◆ What you have to do: For the data that follows, print the line with "OneRepublic - Someday", the line with "A Logitech Squeezebox Radio, in red", and all lines between them, exactly as they stand. Omit pictures and add nothing.

◆ The input:
• • • • • • •

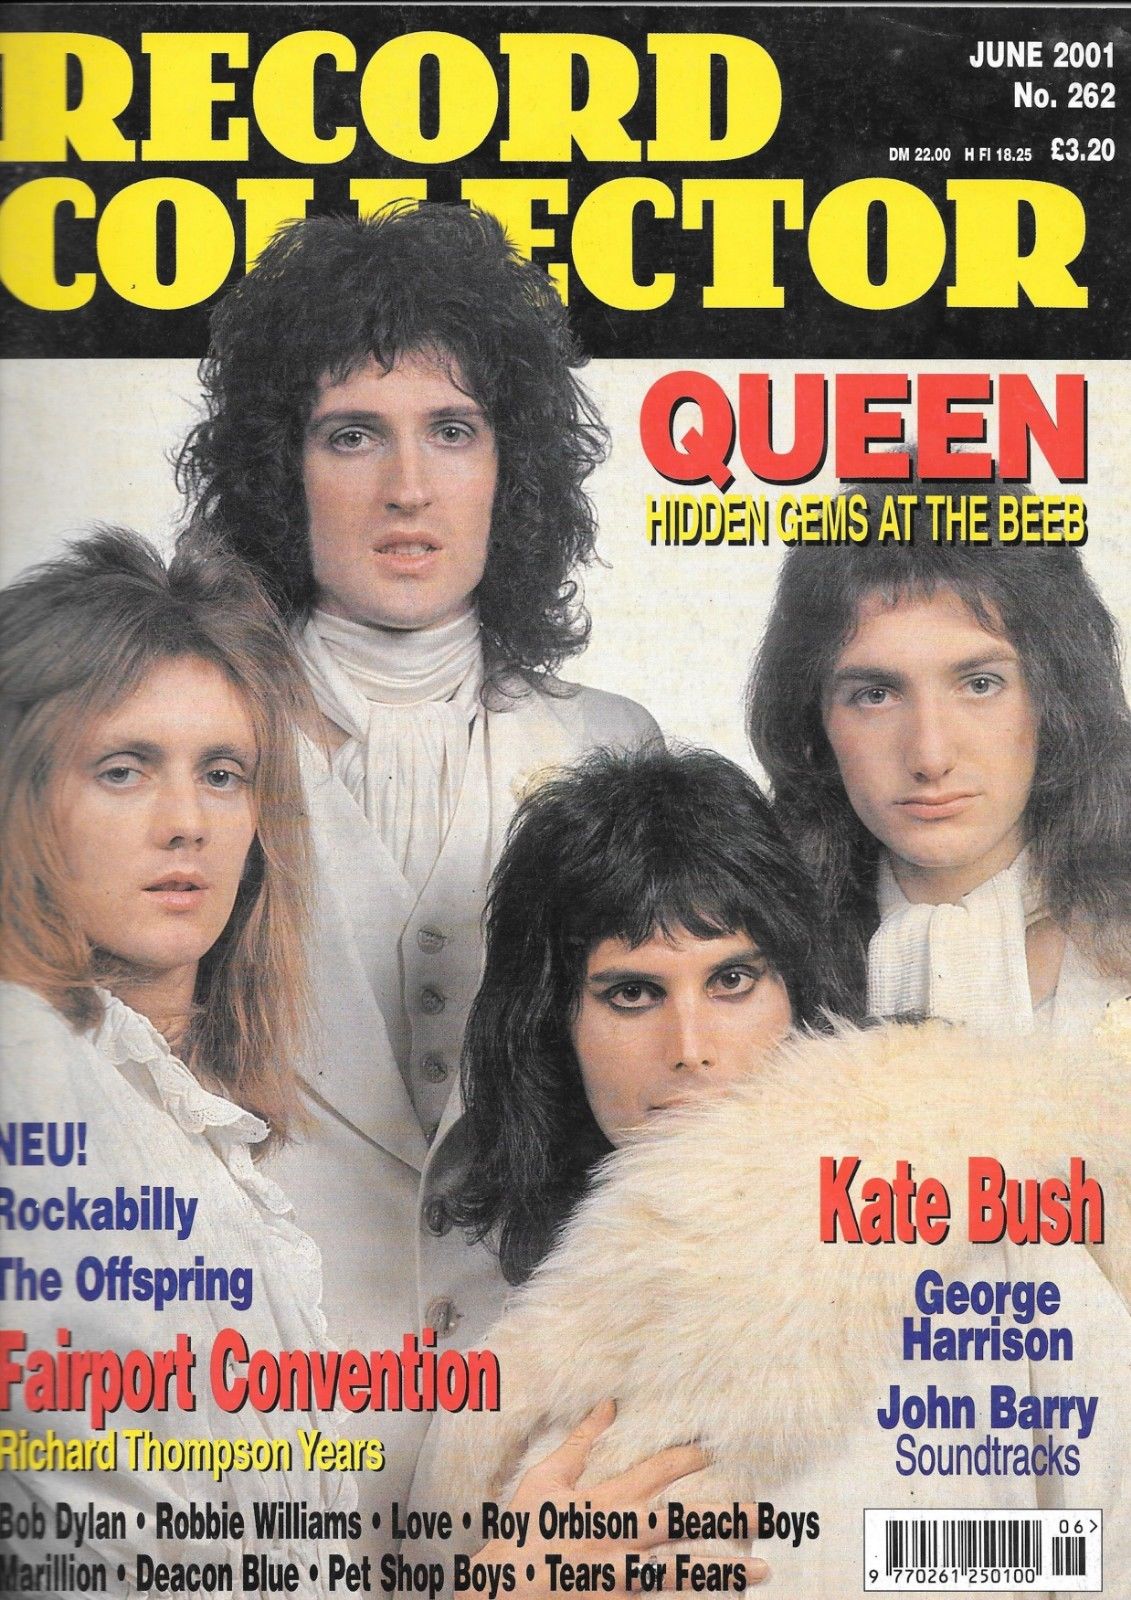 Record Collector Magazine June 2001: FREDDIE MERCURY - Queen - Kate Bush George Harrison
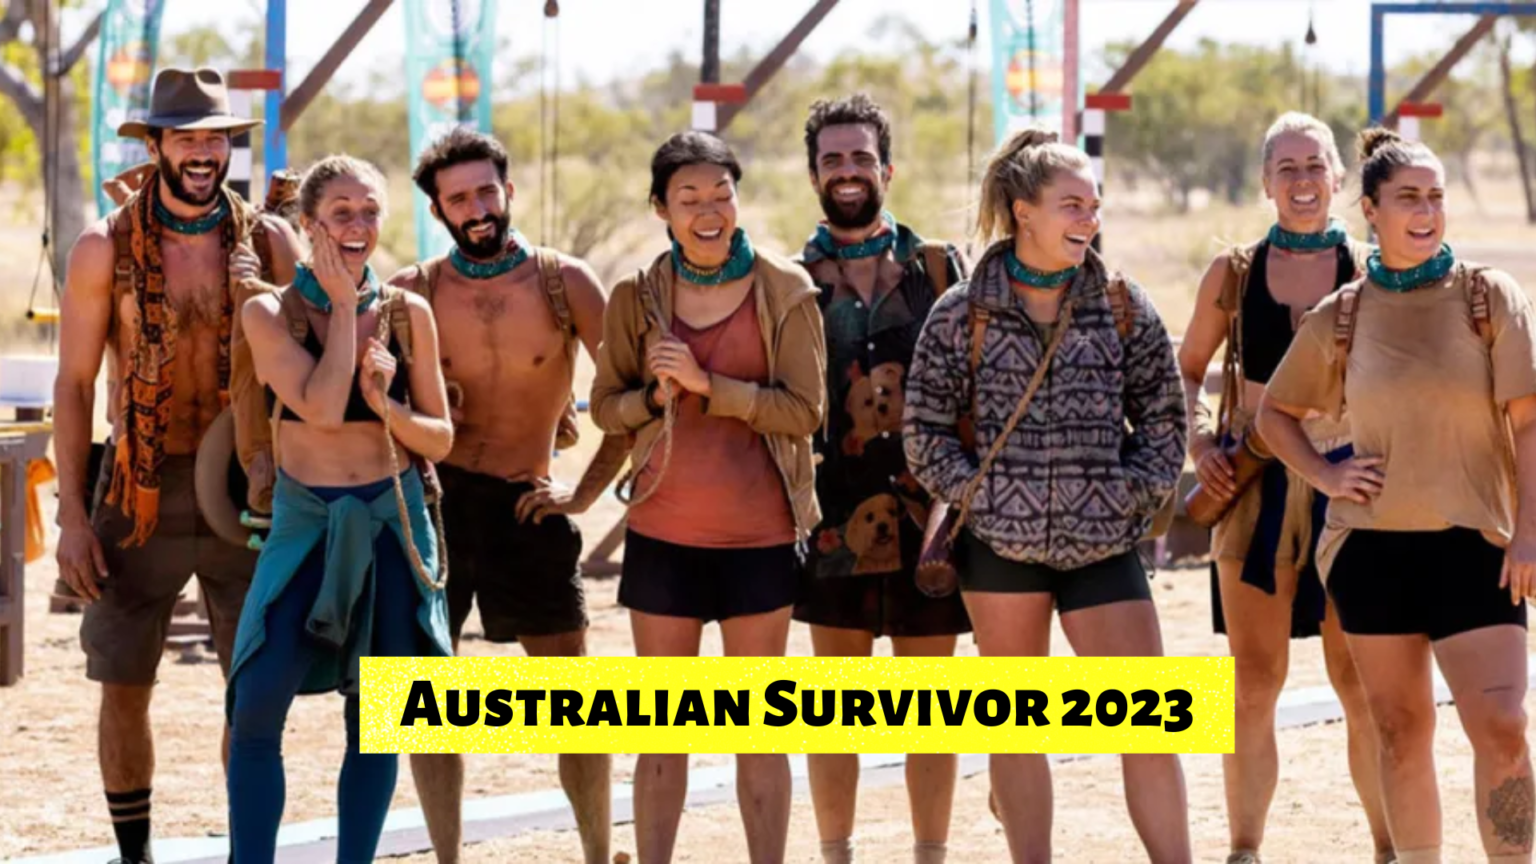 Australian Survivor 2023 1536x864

• • • • • • •

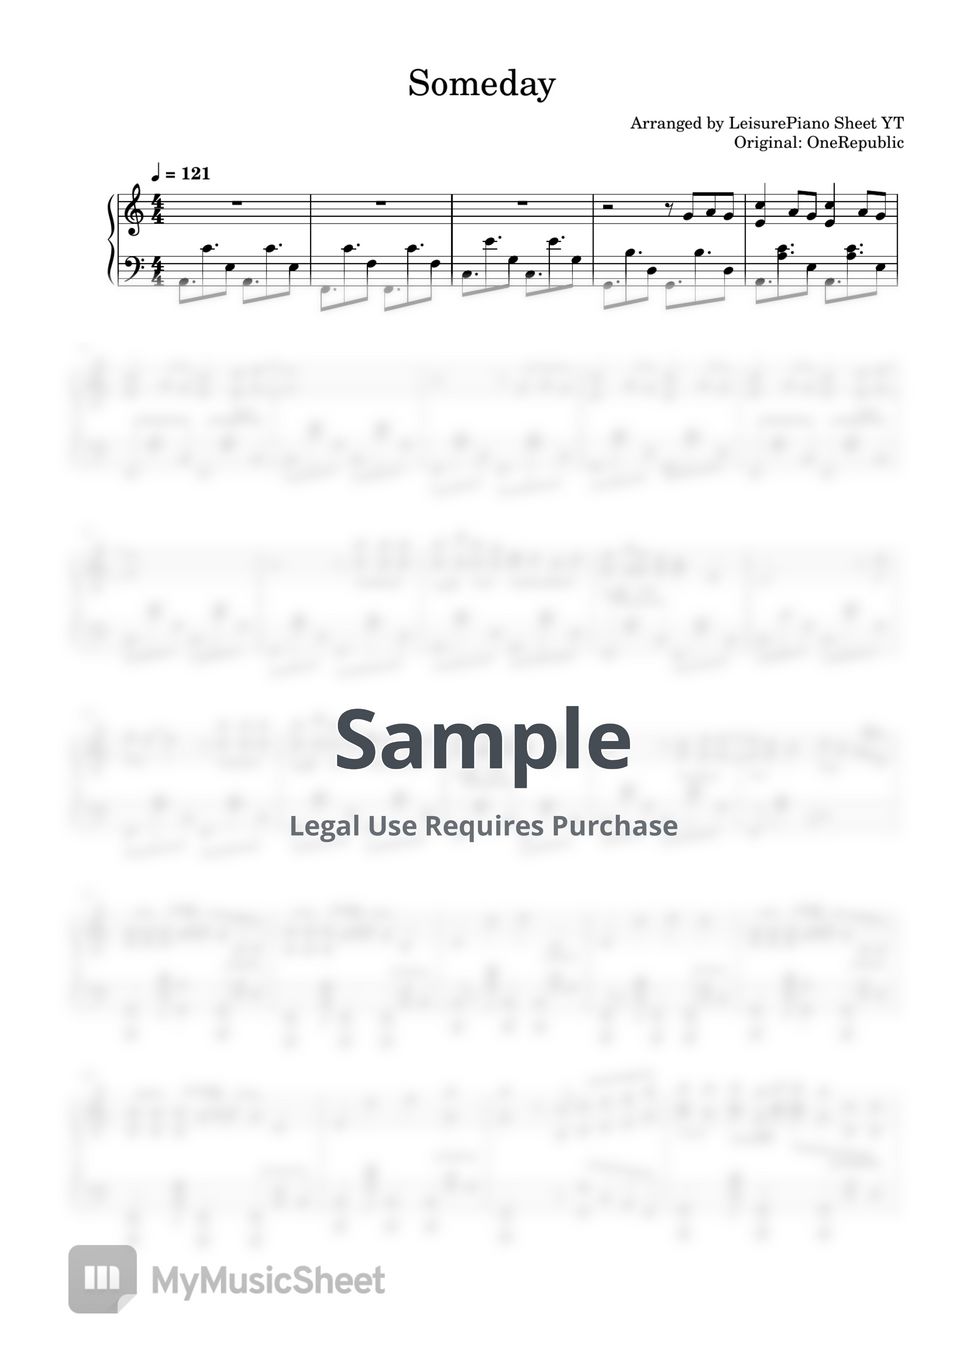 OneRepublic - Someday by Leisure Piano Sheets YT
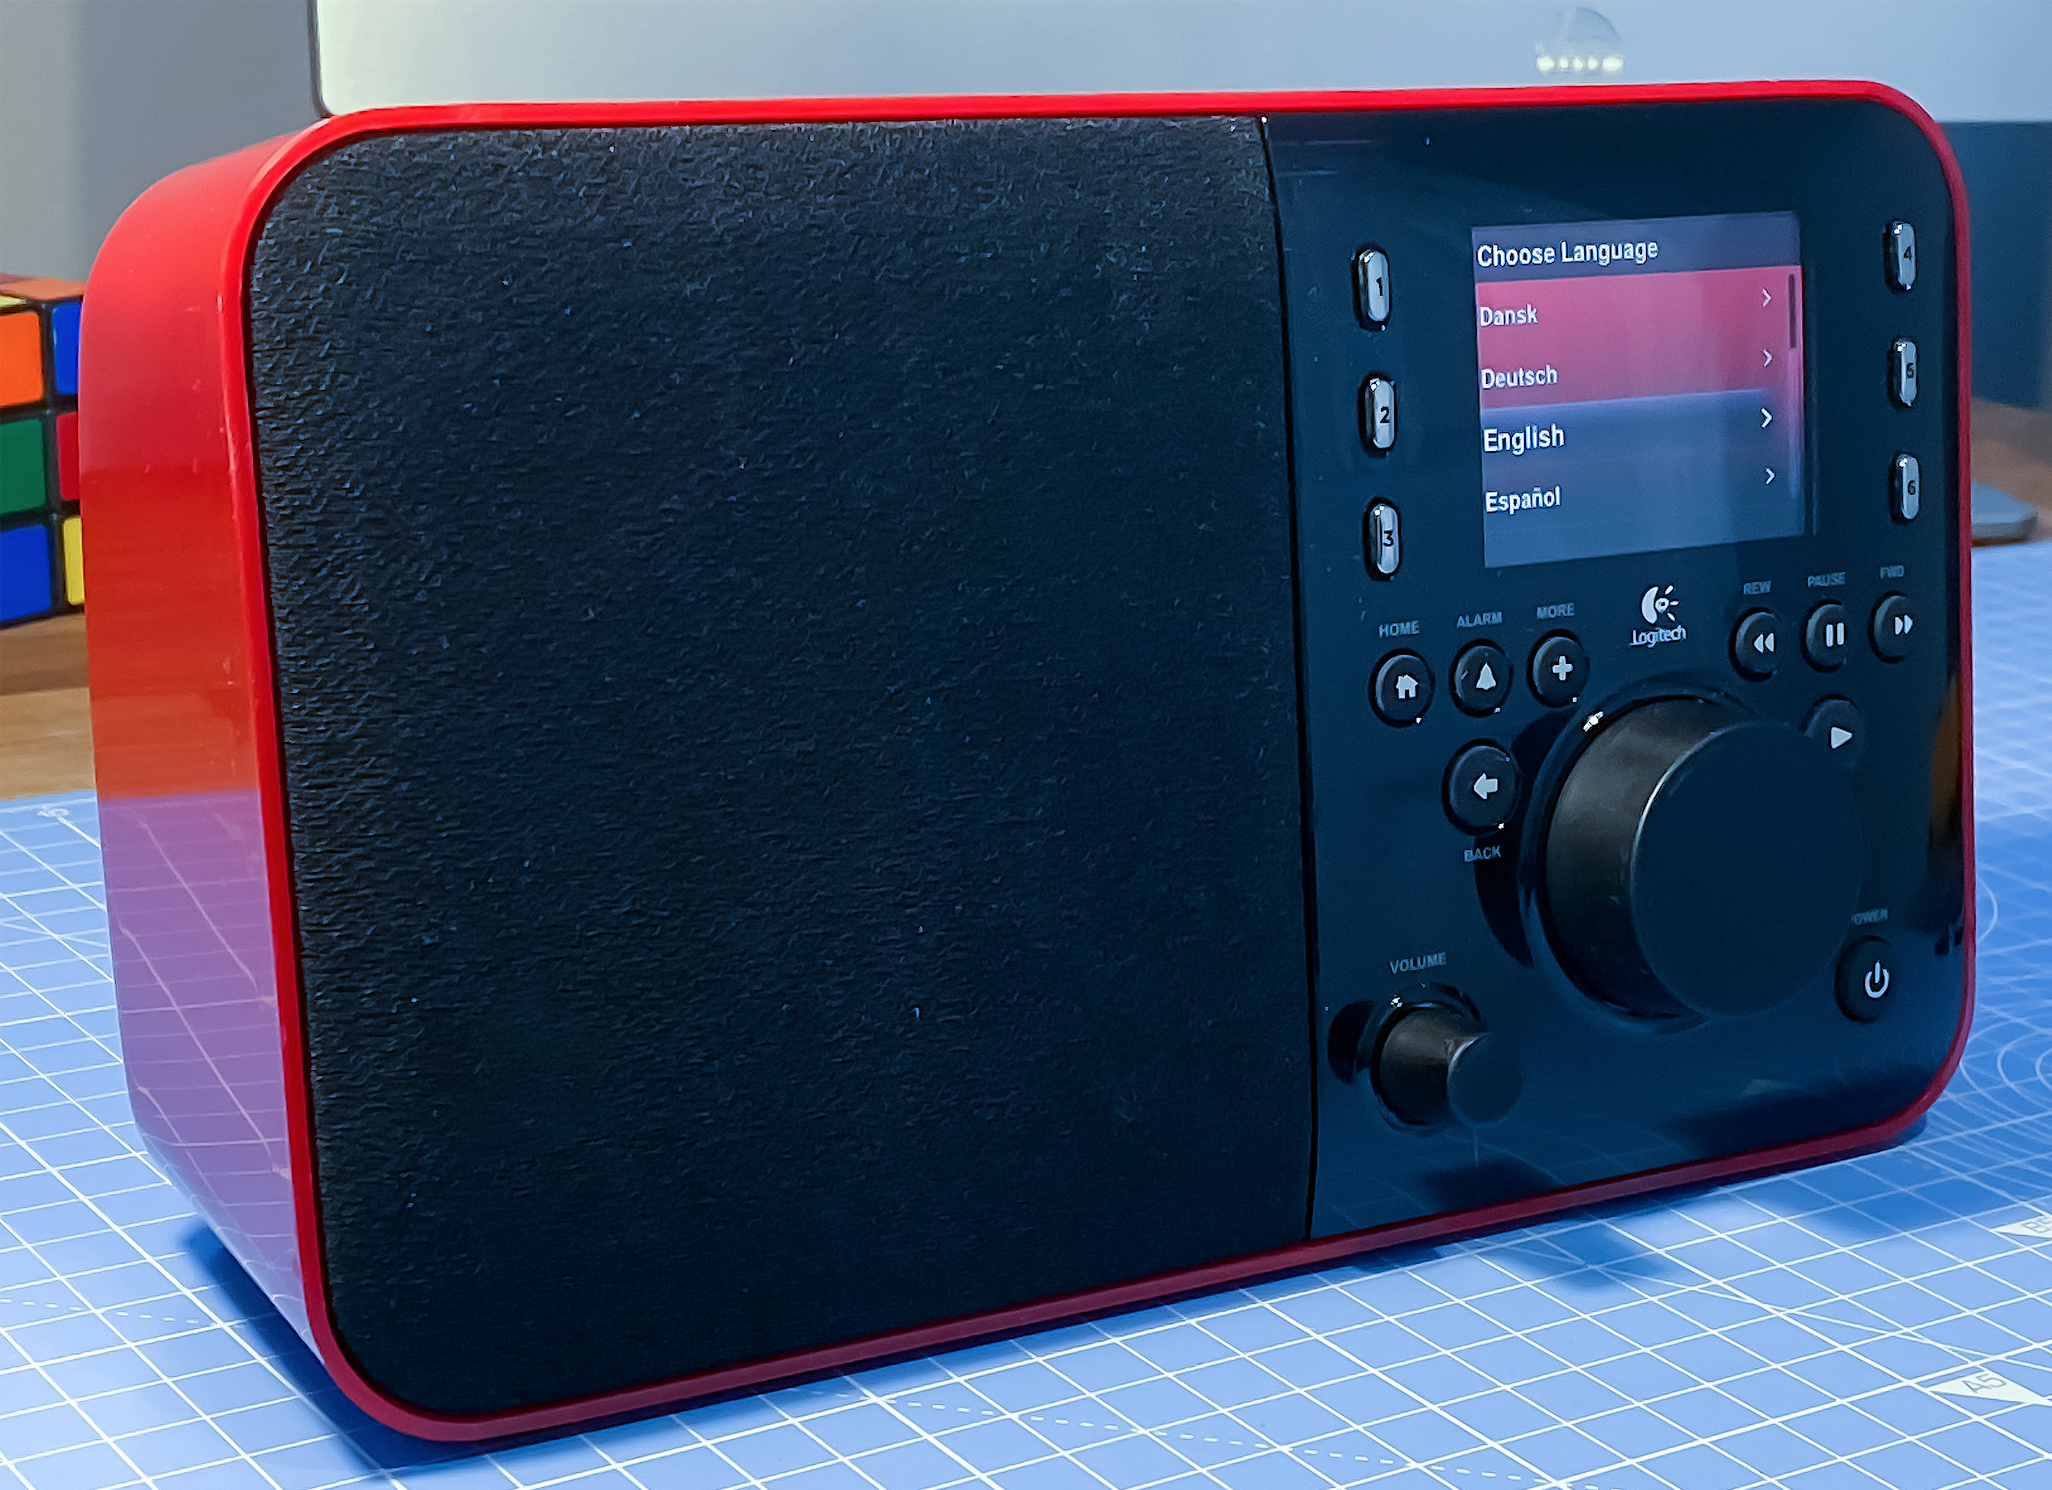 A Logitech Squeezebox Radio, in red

• • • • • • •

◆ Answer space:
 OneRepublic - Someday by Leisure Piano Sheets YT
 A Logitech Squeezebox Radio, in red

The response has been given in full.